Moving at a constant speed along a Bézier Curve

I’ve been playing with quadratic bezier curves recently, its easy enough to draw and get the points along it using something like:

float x = (1 - t) * (1 - t) * startX + 2 * (1 - t) * t * cx + t * t * endX;
float y = (1 - t) * (1 - t) * startY + 2 * (1 - t) * t * cy + t * t * endY;

Where start/end is the beginning/end point on the curve and c being the control point.

t is a value between 0 and 1 which can be used to move along the curve, 0 being the start and 1 being the end, however the problem is that this value can’t be used to move along the curve at a constant speed since t=0.5 is not necessarily at the middle of the curve or t=0.25 the first quarter.
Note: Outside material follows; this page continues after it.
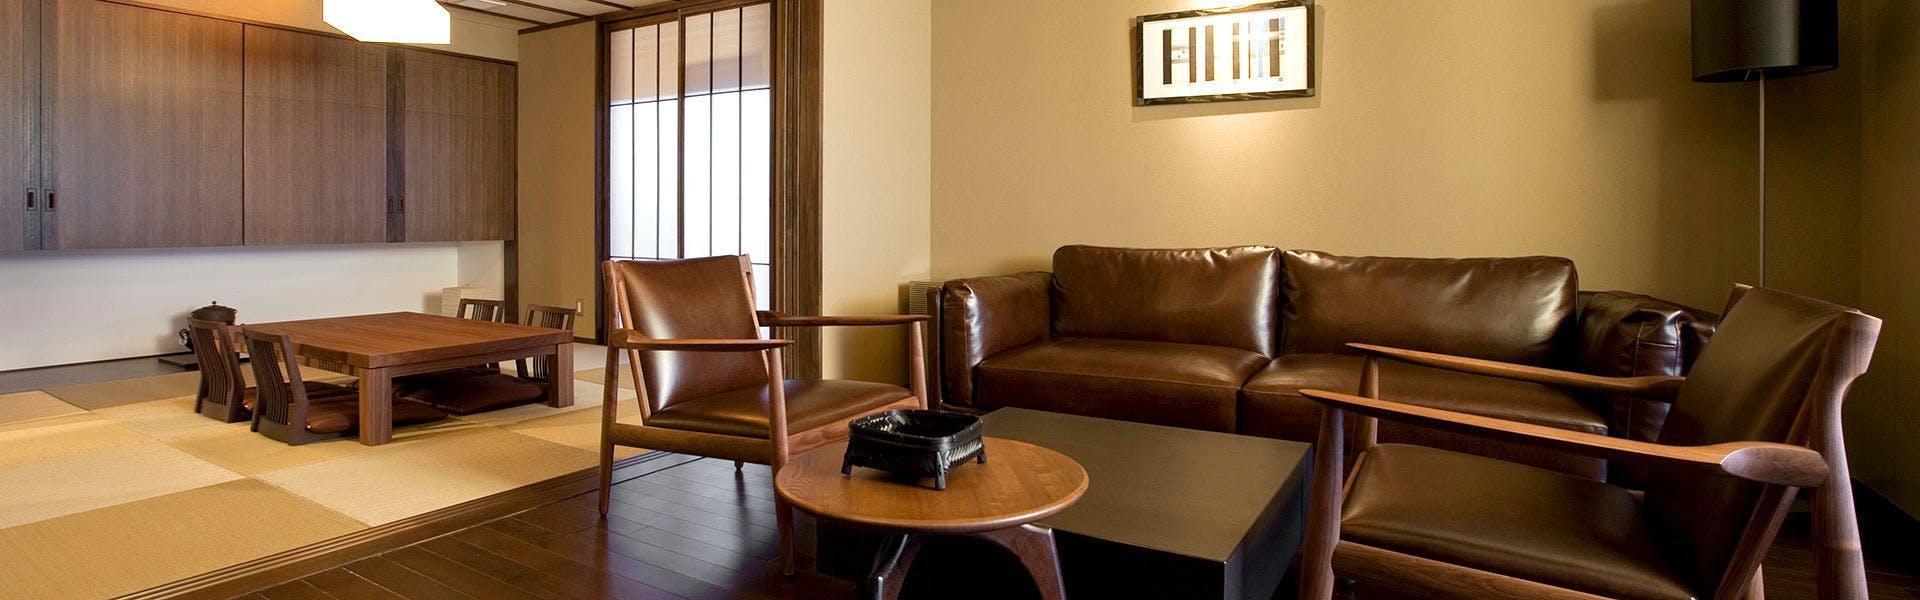 記念日におすすめのホテル・AMANE RESORT GAHAMA(ガハマテラス)の写真2

I’ve got an approximation of the length of the curve using

public float getApproxLength() {
		float t = 0;
		length = 0; // reset length
		
		float oldX = startX;
		float oldY = startY;
		
		// scroll through curve and update length
		for (int i = 0; i < 100; i++) {
			t += 0.01f;
			
			float x = (1 - t) * (1 - t) * startX + 2 * (1 - t) * t * cx1 + t * t * endX;
			float y = (1 - t) * (1 - t) * startY + 2 * (1 - t) * t * cy1 + t * t * endY;
			
			length += getLineLength(x, y, oldX, oldY);
			
			oldX = x;
			oldY = y;
		}
		
		return length;
	}

Are there any easy solutions to achieve this other than to use a whole ton of look up tables and memory? doesn’t need to be super accurate just something good enough to get a decent constant looking movement along the curve.